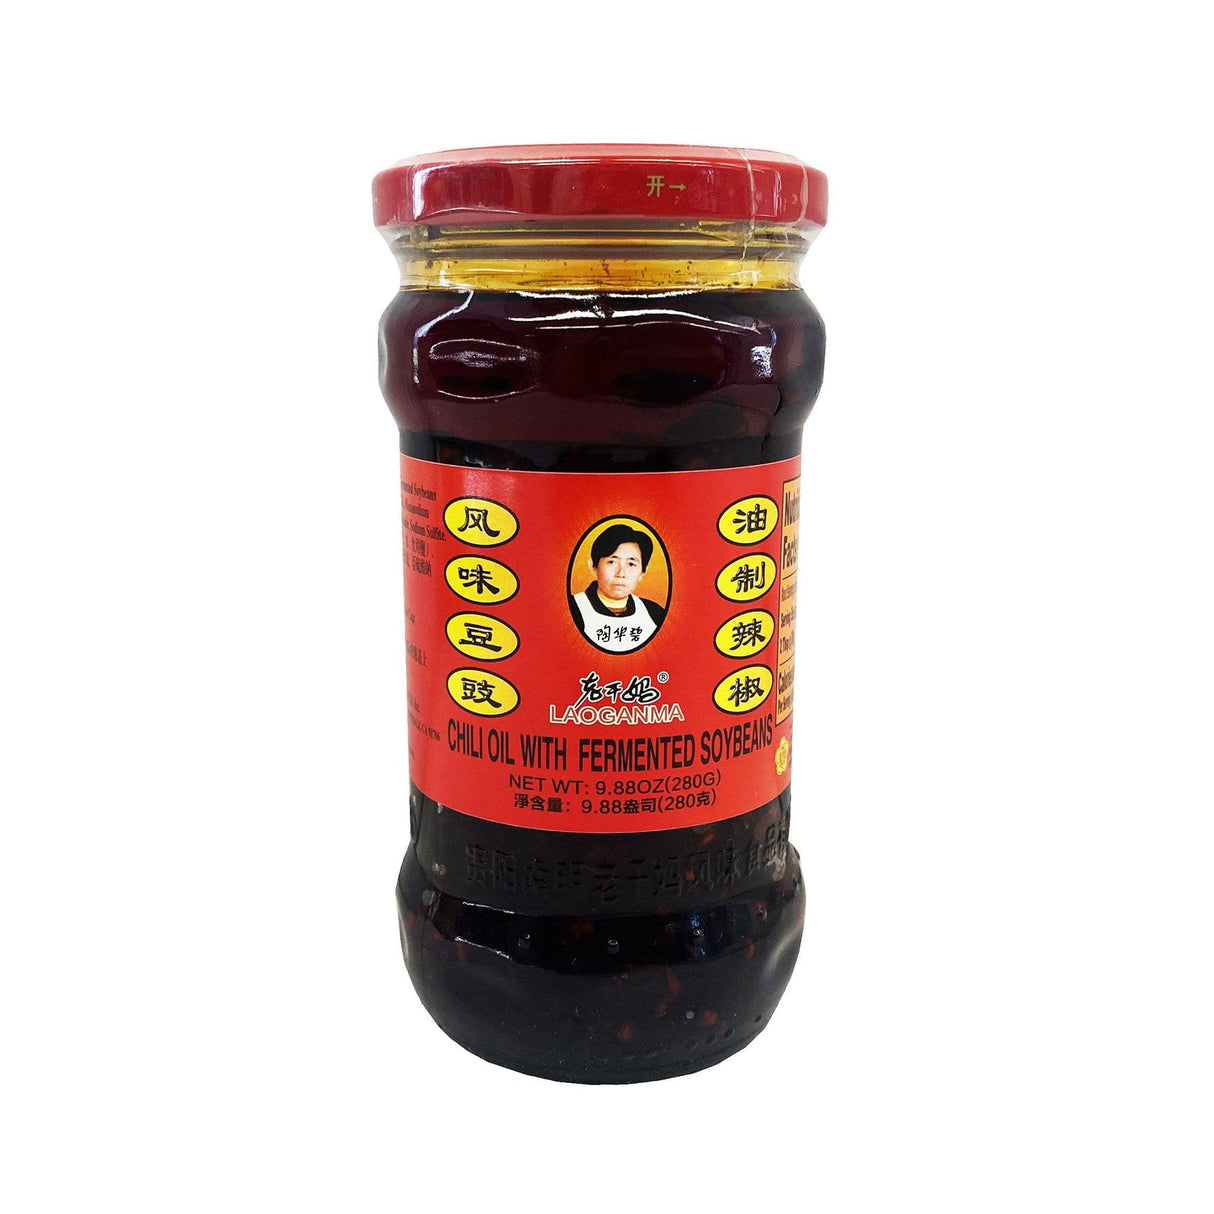 Laoganma Chili Oil with Fermented Soybeans
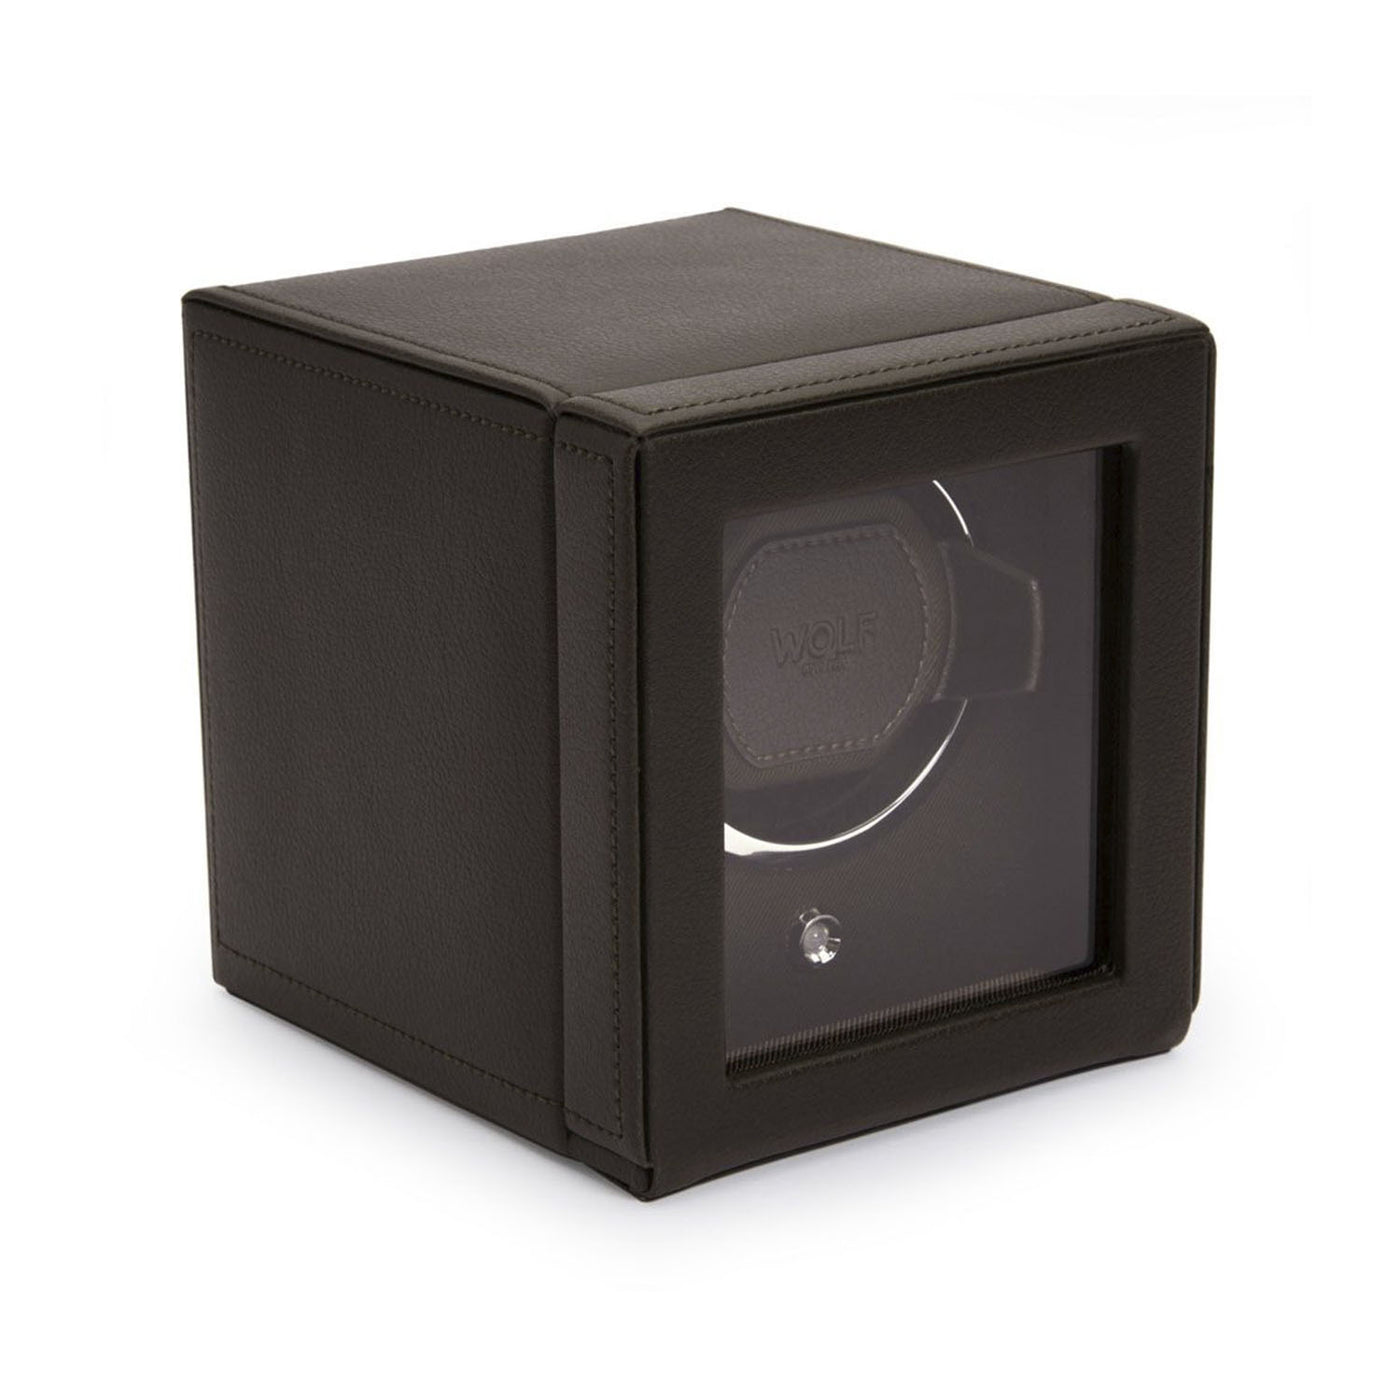 Wolf 1834 Cub Single Watch Winder With Cover – 461106
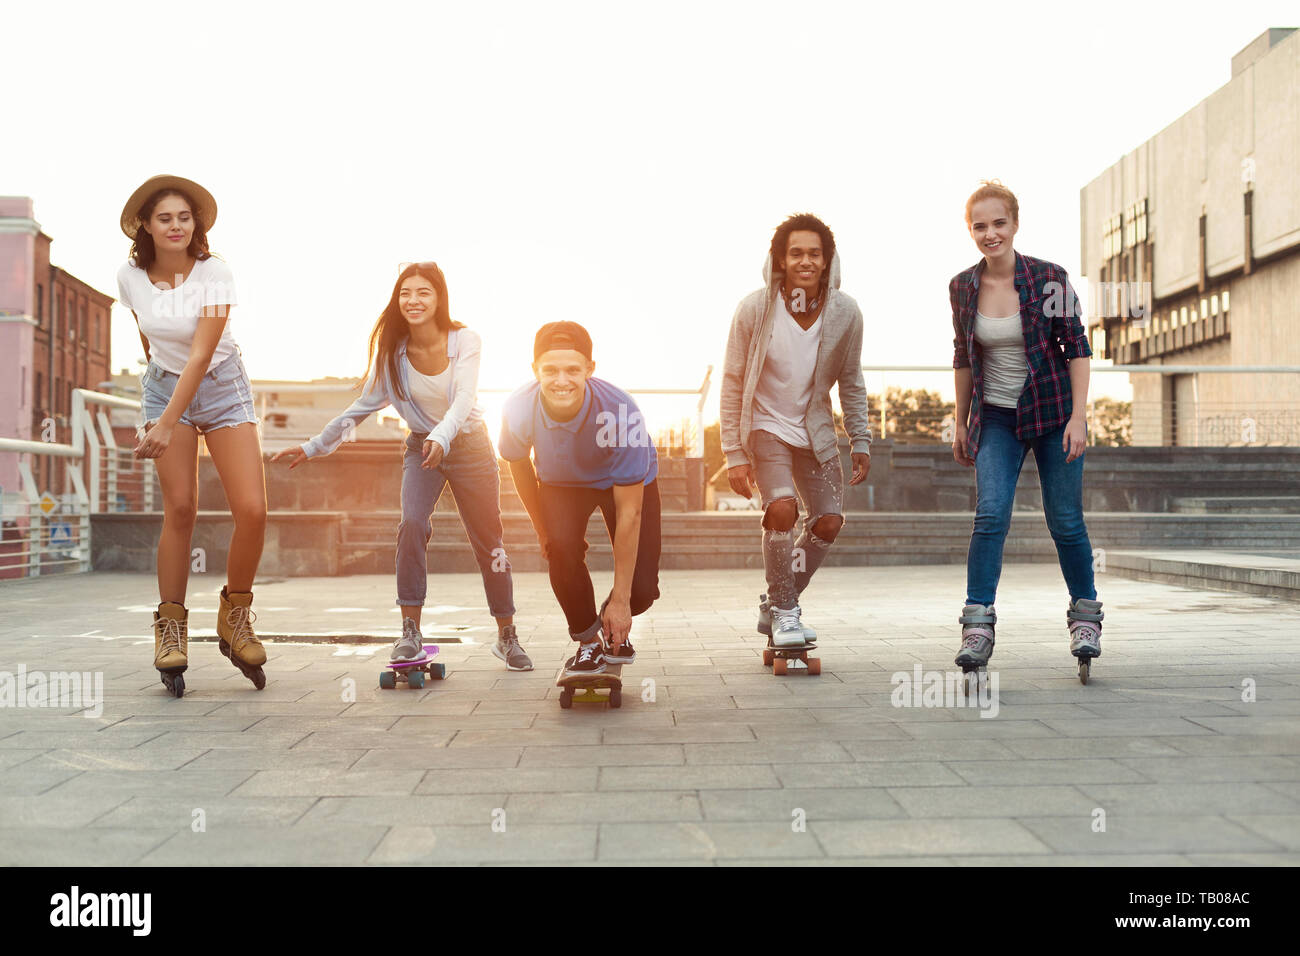 Group of smiling teenagers with roller skates and skateboard Stock Photo

____________________

# Activity:
The data above should be repeated in full and exactly, with no pictures carried over.

# Solved exercise:
 Laoganma Chili Oil with Fermented Soybeans
 Wolf 1834 Cub Single Watch Winder With Cover – 461106
 Group of smiling teenagers with roller skates and skateboard Stock Photo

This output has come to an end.